Prep Time 15 minutes
Cook Time 35 minutes
Total Time 50 minutes
Course bread, Breakfast, Snack
Cuisine American, Gluten-Free
Servings 12 Slices
Calories 150 kcal

Equipment

  • 1 Loaf Pan (8.5 x 4.5 inches)
  • 1 Mixing bowl
  • 1 Small Bowl (for activating yeast)
  • 1 whisk
  • 1 wooden spoon or silicone spatula
  • 1 Damp Cloth (for covering dough)
  • 1 Wire rack (for cooling)

Ingredients
  

  • 1 cup gluten-free all-purpose flour
  • 1/2 cup quinoa flour
  • 1/4 cup oat flour
  • 1/4 cup millet flour
  • 1 tbsp ground flaxseed
  • 1 tsp salt
  • 1 tsp sugar optional
  • 2 tsp instant yeast
  • 1 cup warm water
  • 1/4 cup olive oil
  • 2 tbsp apple cider vinegar
  • 1 tsp honey or maple syrup optional

Instructions
 

Prepare the Dry Ingredients:

  • In a large bowl, whisk together the gluten-free all-purpose flour, quinoa flour, oat flour, millet flour, ground flaxseed, salt, and sugar (if using).

Activate the Yeast:

  • In a separate small bowl, mix the warm water with yeast and honey/maple syrup (if using).
    Stir and let sit for 5-10 minutes until it becomes frothy.
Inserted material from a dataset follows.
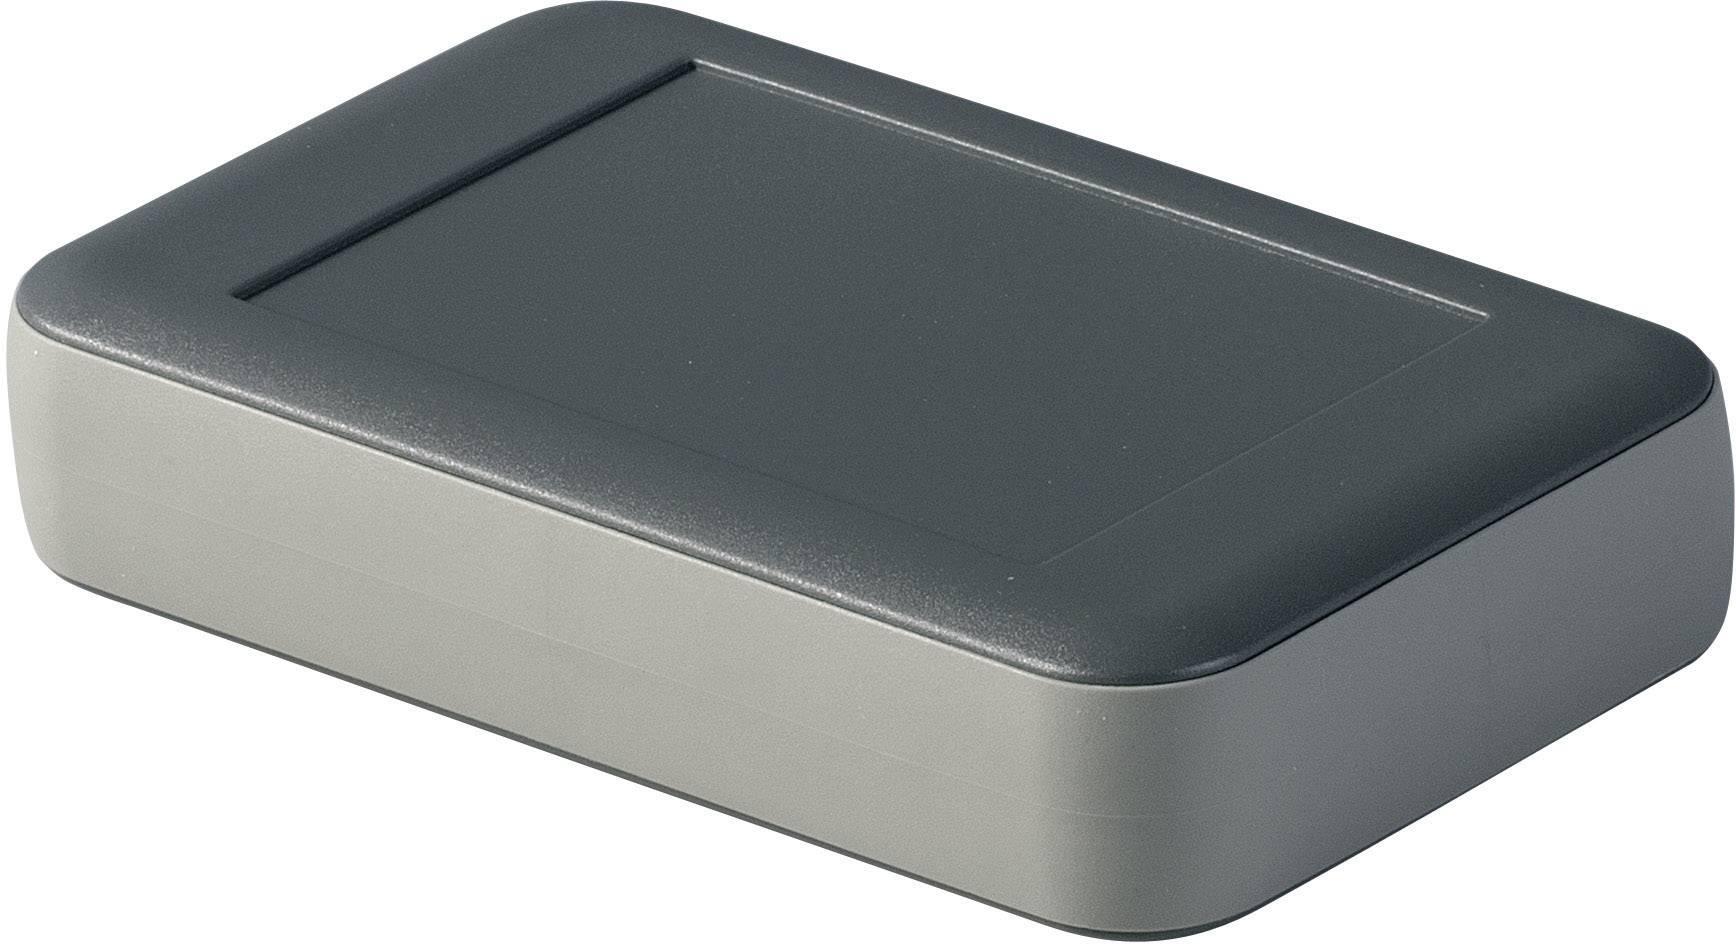 Puzdro na stenu, puzdro na stôl OKW SOFT-CASE D9053238, 92 x 150 x 33 mm, ABS, lávová, vulkán, 1 ks

Combine Wet and Dry Ingredients:

  • Pour the activated yeast mixture, olive oil, and apple cider vinegar into the dry ingredients.
    Mix everything until you form a thick dough. You can use a spatula or your hands to incorporate.

Knead the Dough:

  • Transfer the dough onto a lightly floured surface and knead for 5-10 minutes until smooth. If it’s too sticky, sprinkle with a little more flour, but don’t add too much.

Let It Rise:

  • Place the dough in the bowl, cover it with a damp cloth, and let it rise for 1-2 hours or until it has doubled in size.

Shape the Dough:

  • Once the dough has risen, punch it down gently. Shape it into a loaf and transfer it to a greased loaf pan, smoothing the top.

Second Rise:

  • Cover the loaf pan with a cloth and let the dough rise for another 30-45 minutes while you preheat the oven to 375°F (190°C).

Bake the Bread:

  • Place the loaf in the oven and bake for 30-35 minutes or until the top is golden brown and the bread sounds hollow when tapped.
    You can also check with a thermometer; it should read 200°F (93°C).

Cool and Serve:

  • Let the bread cool for 10 minutes in the pan, then transfer to a wire rack to cool completely before slicing.

Notes

  • Flour Variations: You can experiment with different gluten-free flour blends to suit your taste, such as adding brown rice flour or sorghum flour.
  • Moisture: If your dough feels too dry, you can add more water, a tablespoon at a time, until you reach the right consistency.
  • Rising Tips: If your kitchen is cold, you can place the dough in an oven with the light on to help it rise.
  • Sweetness: For a slightly sweeter bread, you can add more honey or maple syrup.